And I decided, in the first issue I edited for Granta, to use her piece as someone to introduce. And Granta's previous introductions include Salman Rushdie and Arundhati Roy, so I was putting my chips on the table. But the moment I chose a piece, that's probably when I really felt like an editor.
ERNESTO QUINONEZ: Yeah. Due to computer computer error, I wasn't there, right [? in the ?] [? Best Of? ?] But that's OK, John.
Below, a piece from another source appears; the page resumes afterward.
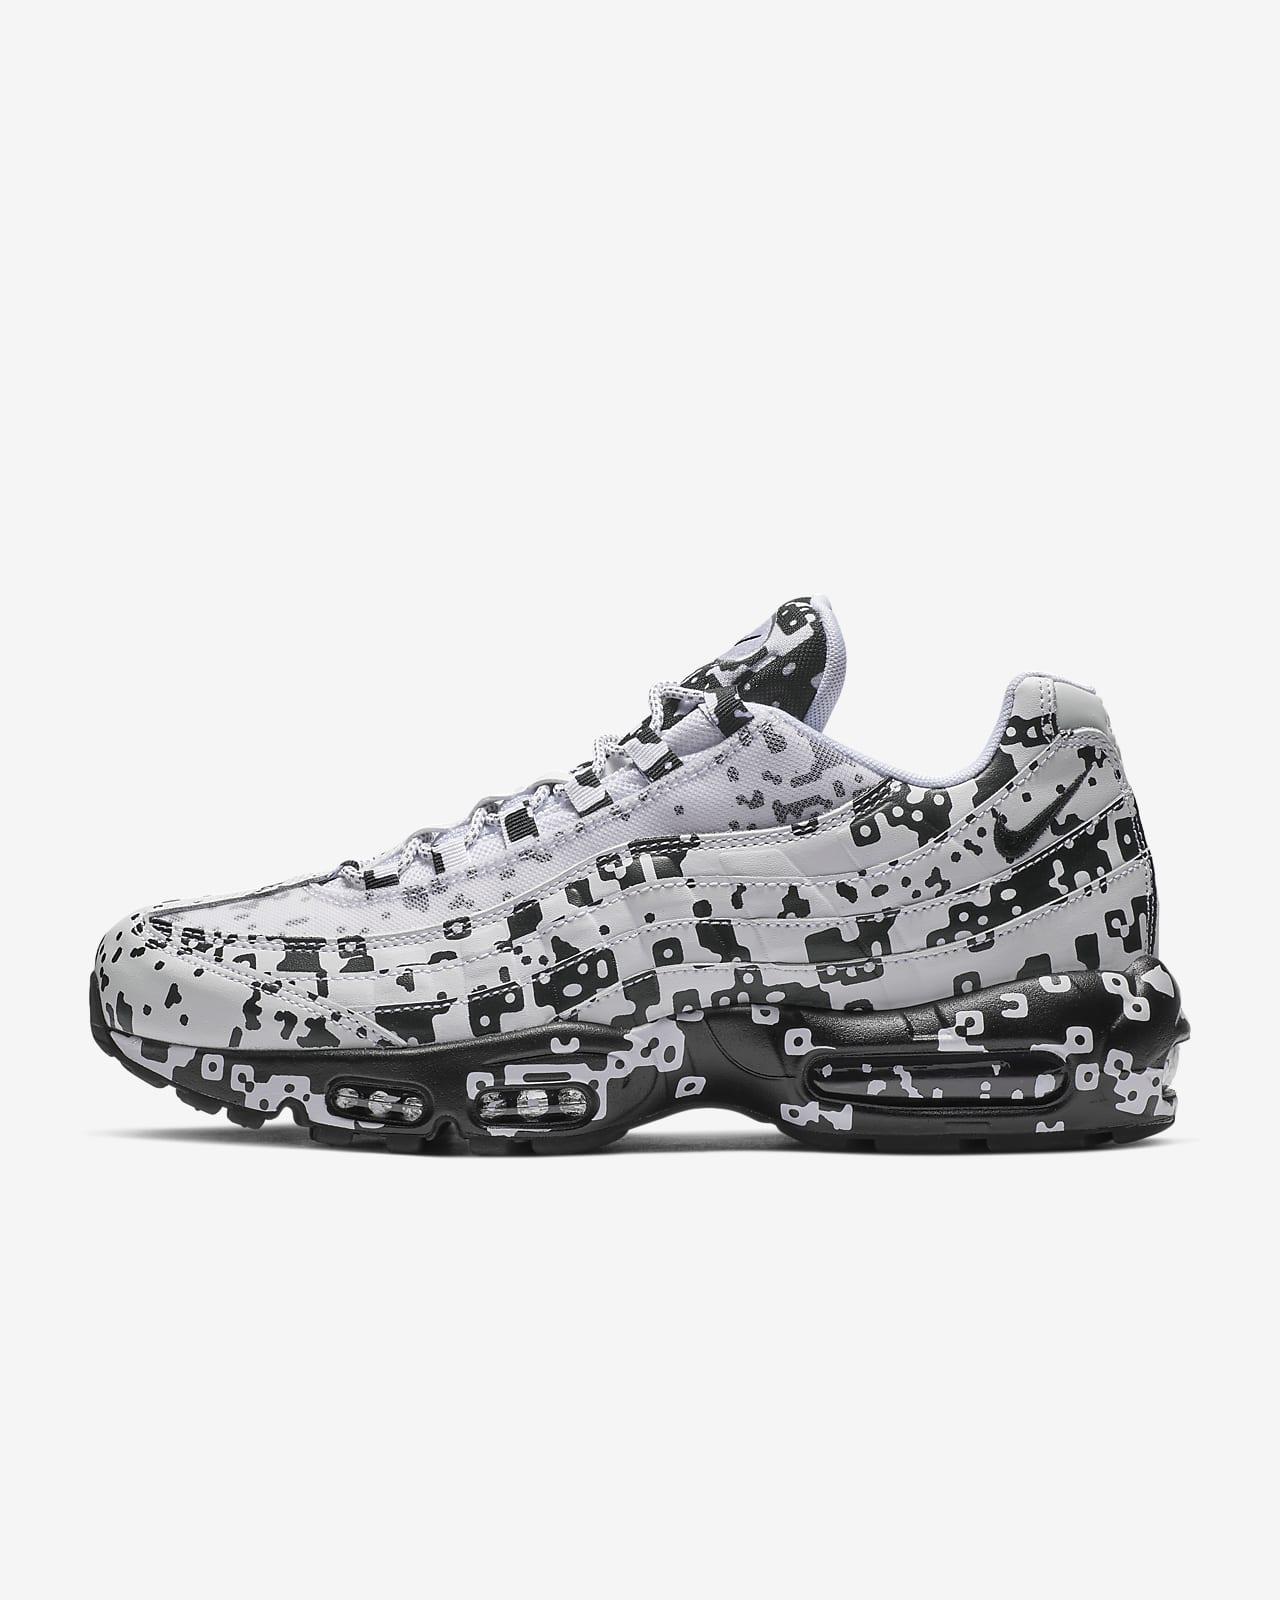 Nike x Cav Empt Air Max 95 Men's Shoe

Don't worry.
JOHN FREEMAN: I wasn't on a jury.
ERNESTO QUINONEZ: I wanted to ask you, though. In today's shrinking world of print media-- and even Newsweek now has gone digital-- what would you say to a student that comes to your office and says, I want to get into journalism, or I want to make a living in letters like you have?
JOHN FREEMAN: Good luck.
ISHION HUTCHINSON: Good luck.
JOHN FREEMAN: In all seriousness, I think it's a very hard time to be a young writer because of the way that we're selling books now and the way that writers are trafficked has a lot to do with name recognition or the algorithms [? of ?] social media. And if you don't want to spend all your time trying to game Facebook and Google, buying AdWords, and making people notice you on the internet-- which is not necessarily second nature to a writer. To be a writer, you have to spend a lot of time in a room alone with your imagination and weird thoughts and a long time editing that into a sense of coherence. To be the promoter of that-- there are people over time, like Dickens and Allen Ginsberg, who are great self-promoters, but not all writers are great self-promoters. But we live in a world now where that is going to become increasingly important.
On the flip side, because there's this great wide middle that's been sort of driven through publishing, there's also room on the margins because people, I think, get a little tired of what publishing market directs what they think the readers will want. I've sat in editorial meetings and in marketing meetings, and the worst are cover meetings, which, if you want to start trafficking in cliches and the ethnography of what will appeal to people based on where the book is from and who the writer is, that is a fascinating anthropological document.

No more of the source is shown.